This discussion has been locked.

You can no longer post new replies to this discussion. If you have a question you can start a new discussion

UTM Slave node got unlicensed because of left "reserved"?

Hi,

running an a/p cluster of two SG 135. Some time ago we performed an update to 9.702-1 and left one node "reserved". Unfortunately we left him in this state for a couple of days.

Today at midnight, slave went to "DEAD". Today is the end of a license that has been renewed but I guess due to the fact that the slave was reserved there was no replication anymore. And no replication of the renewed license. And the slave got unlicensed and turned to death state.

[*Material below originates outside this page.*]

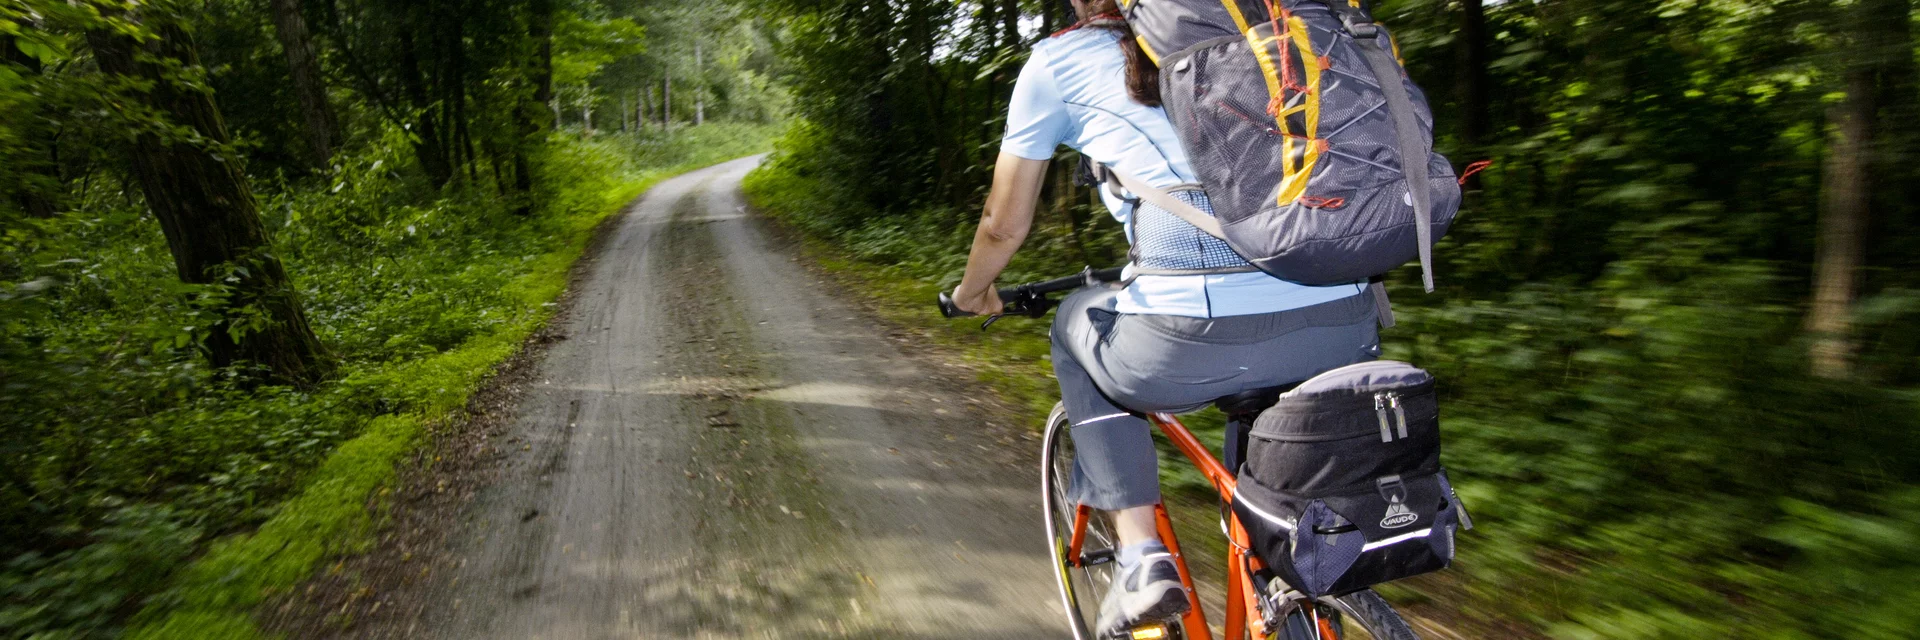 Fahrradfahrerin mit großem Rucksack | © Steiermark-Tourismus | Gerhard Eisenschink

How to get the slave back to the licensed cluster?

Thanks for any advice.

Cheers

Philipp

This thread was automatically locked due to age.

Parents

0 Alexander Busch over 4 years ago

Hey Philipp,

I would try to reset / remove the dead node and then get the node back in the cluster via auto configuration.
That can be done without any downtime. Until the end of the process I would detach all Ethernet cables except eth3 from the dead node.

Best regards

Alex

-
Cancel
Vote Up 0 Vote Down

Cancel
0 Philipp Thielke1 over 4 years ago in reply to Alexander Busch

Hey Alex,

thanks for your advice. Do you think that this will work even the dead slave node isn‘t on the same firmware release as the current master?

Regards,

Philipp
Cancel
Vote Up 0 Vote Down

Cancel
0 Alexander Busch over 4 years ago in reply to Philipp Thielke1

Yes, the ‘new’ node will do the Up2date while getting part of the cluster. I already considered that.

Best regards

Alex

-
Cancel
Vote Up 0 Vote Down

Cancel
0 Philipp Thielke1 over 4 years ago in reply to Alexander Busch

Perfect! I‘ll try that asap and keep you tuned. Many thanks.
Cancel
Vote Up 0 Vote Down

Cancel
0 Philipp Thielke1 over 4 years ago in reply to Alexander Busch

Hi Alex,

just tried that together with staff of our data center where the appliance is being housed.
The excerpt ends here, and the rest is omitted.